The longer my Mammoth Ivory pen sits, the more it cracks. Any ideas on how to prevent this in pens to come?


----------



## dgscott (Apr 5, 2010)

I've found that mammoth ivory is subject to changes in temperature and humidity. I let it sit in the place where it will be used/worked for a few months, then I'm REAL careful about too much heat buildup while I'm working it.


----------



## Stevej72 (Apr 5, 2010)

Sorry to hear about your pen cracking.  I just commented on how nice it looked.  I've been commissioned to build a $500+ pen for a customer and one of the thoughts was ivory.  However I was warned that cracking can be a problem.  I'll have to follow this thread to see how it turns out.


----------



## Russianwolf (Apr 5, 2010)

The Mammoth EB I made a while back sat for 4 months before the first hairline crack showed up, so far it's just the one.

 I have a feeling this is going to be one of those materials that will be a "when" it cracks, not "if" it cracks.


----------



## DCBluesman (Apr 5, 2010)

There will always be a probability of mammoth ivory cracking.
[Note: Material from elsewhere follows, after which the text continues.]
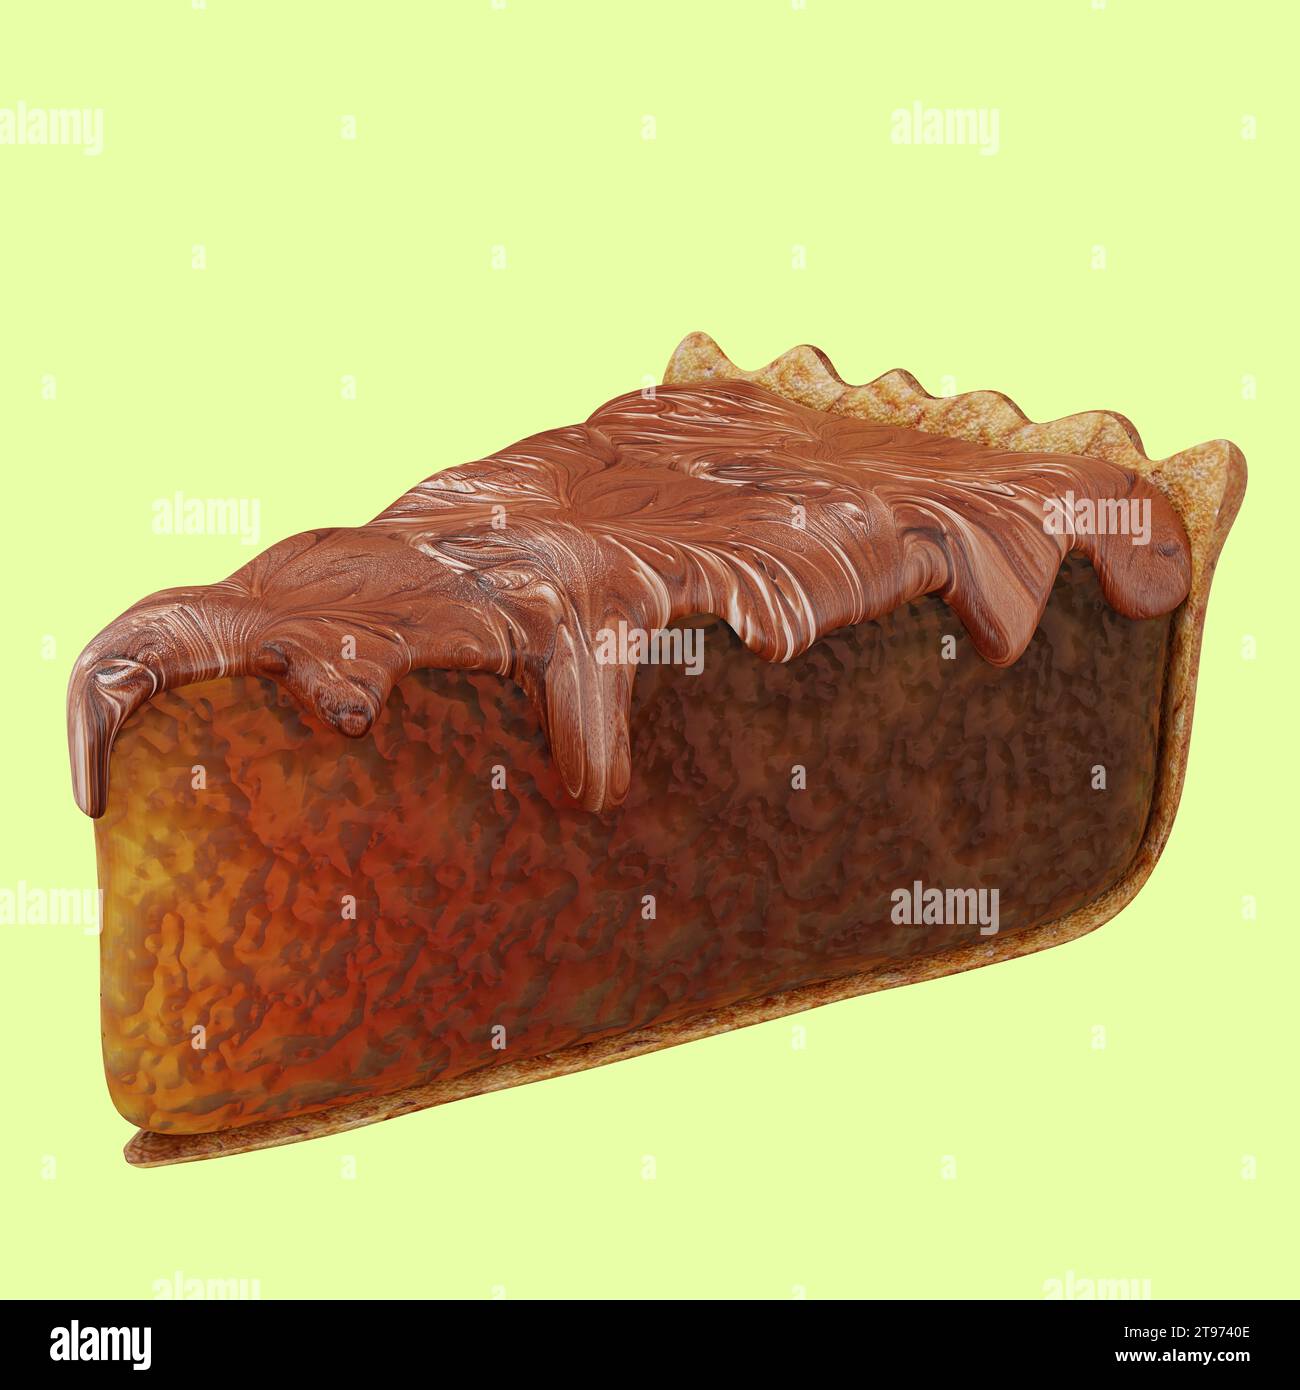 Decadente Brownie: La perfezione di Fudgy con una consistenza che si scioglie in bocca, un sogno per gli amanti del cioccolato. Foto Stock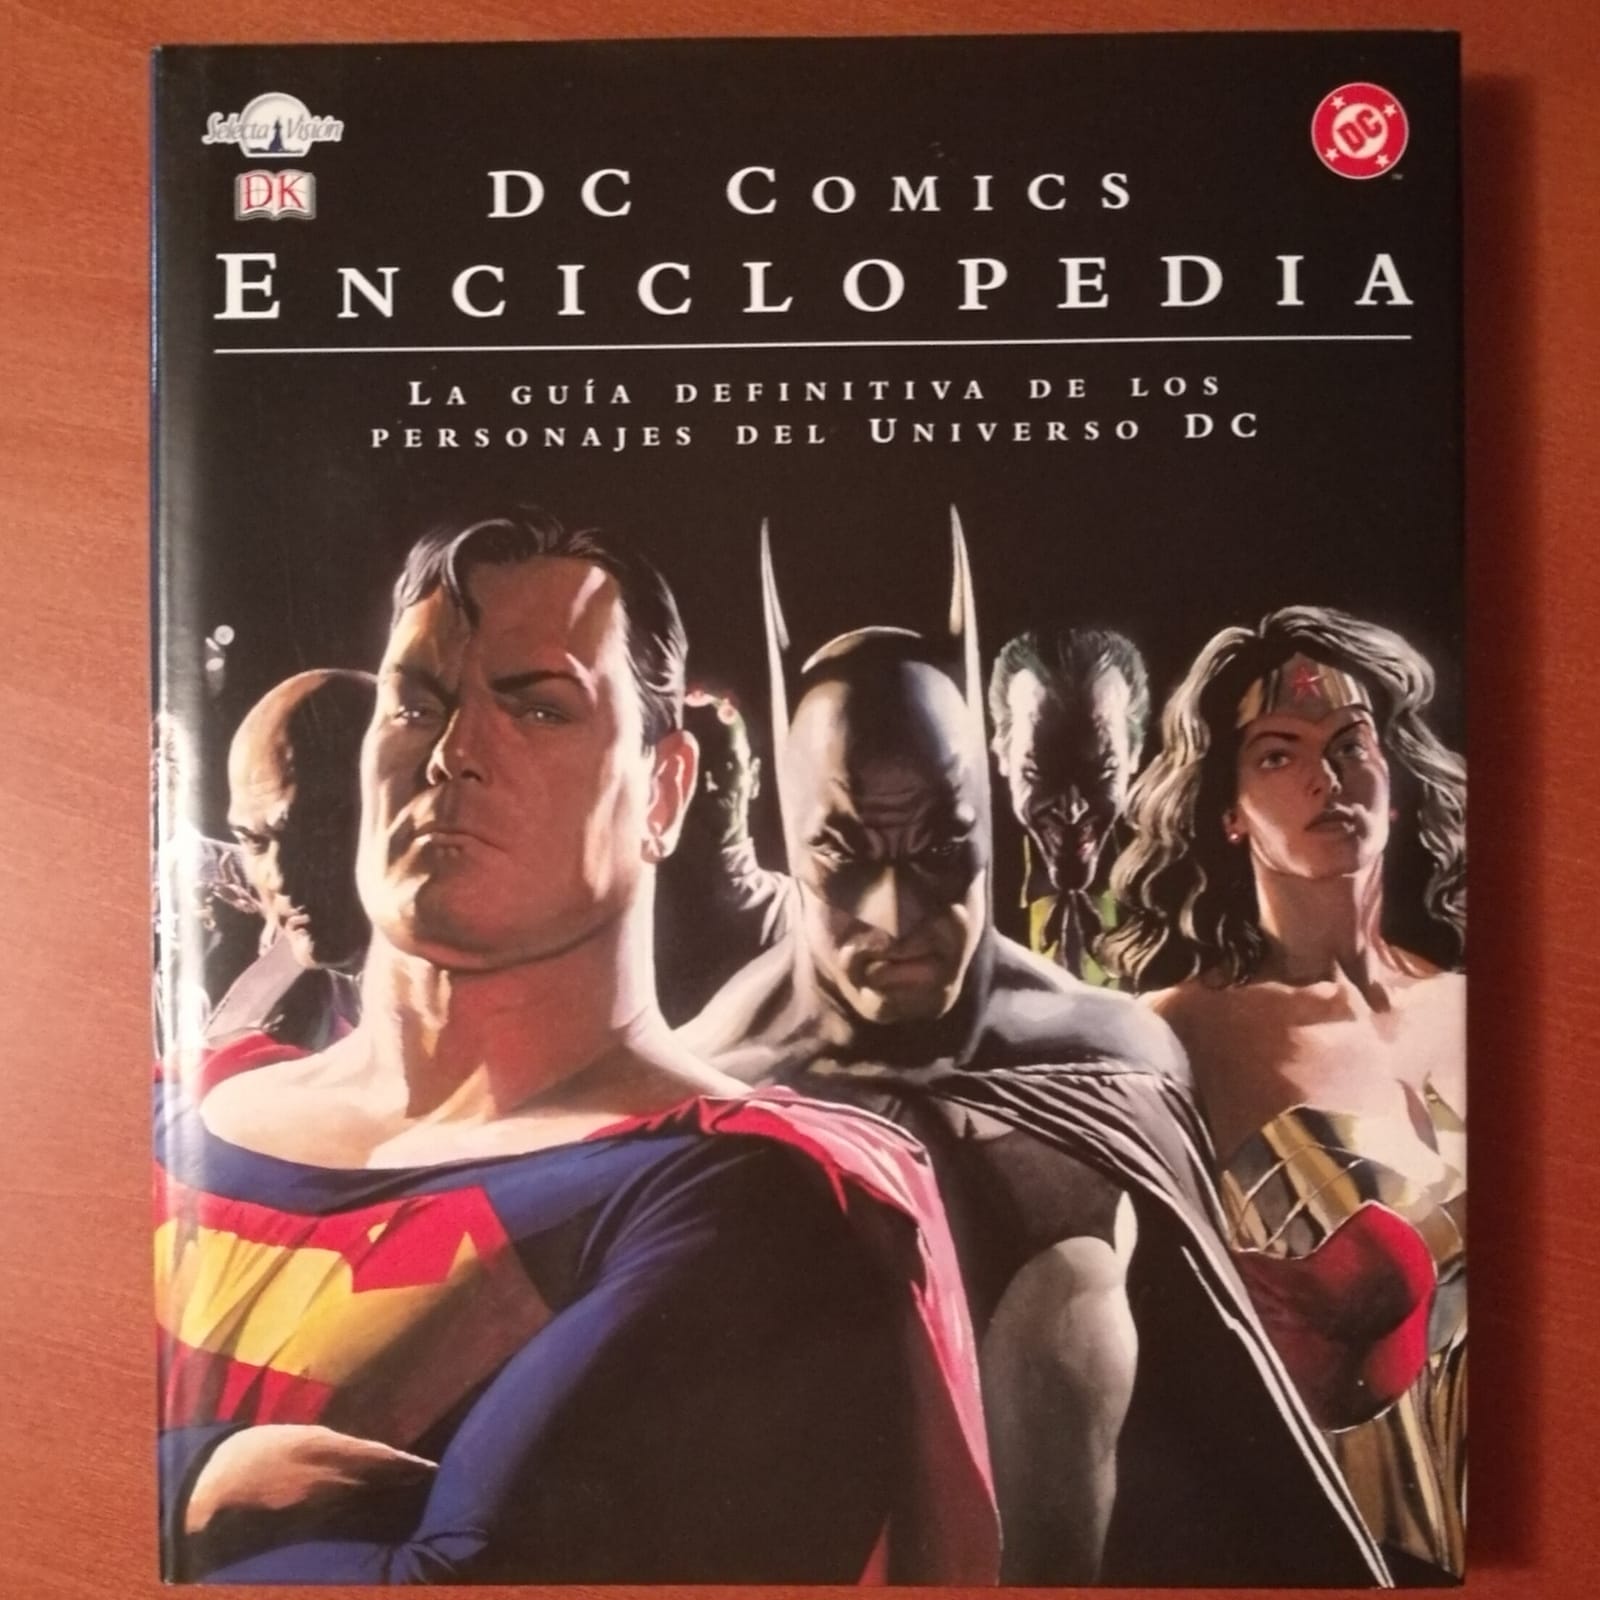 DC COMICS ENCICLOPEDIA: La guia definitiva de los personajes del universo

This material has been buried without becoming fossilized for a good 10,000 years.  The only way I have found to keep it from cracking is as follows.  

1. Dry it in a kiln for several days.
2. Fill it with resin under high pressure (>50 psi)
3. Allow the resin to fully cure before using.  This may take several days.

Good luck.


----------



## jskeen (Apr 5, 2010)

Most antique knives and guns that have ivory handles either already cracked, or more often, actually absorbed enough hand oil and or other stuff over the years to stabilize them.  I know several collectors who keep their newer vintage Randall Knives with the ivory handles wrapped in cotton cloth soaked in cottonseed oil. That was Bo's advise lo these many years ago.


----------



## ersRFP (Apr 7, 2010)

PEG 1000 might do the trick. Just a thought.


----------



## Rifleman1776 (Apr 8, 2010)

jskeen said:


> Most antique knives and guns that have ivory handles either already cracked, or more often, actually absorbed enough hand oil and or other stuff over the years to stabilize them.  I know several collectors who keep their newer vintage Randall Knives with the ivory handles wrapped in cotton cloth soaked in cottonseed oil. That was Bo's advise lo these many years ago.



A master knife builder advised me to put all bone/antler/ivory/etc. knives in mineral oil and let soak for up to a month.


----------



## Mickey (Apr 8, 2010)

You just have to come to understand that this is the nature of the material. It's part of the aging process now that the aging process can actually occur. What you have to believe too is that it (cracks) adds character to the material. You think it's bad try walrus ivory. It'll crack before you can even get the pen finished and I think it really does add character. Without cracks it just looks like alt. ivory.


----------



## hewunch (Apr 8, 2010)

Thanks for the comments everyone. You have given me things to think about and try. That is why I love this place!


----------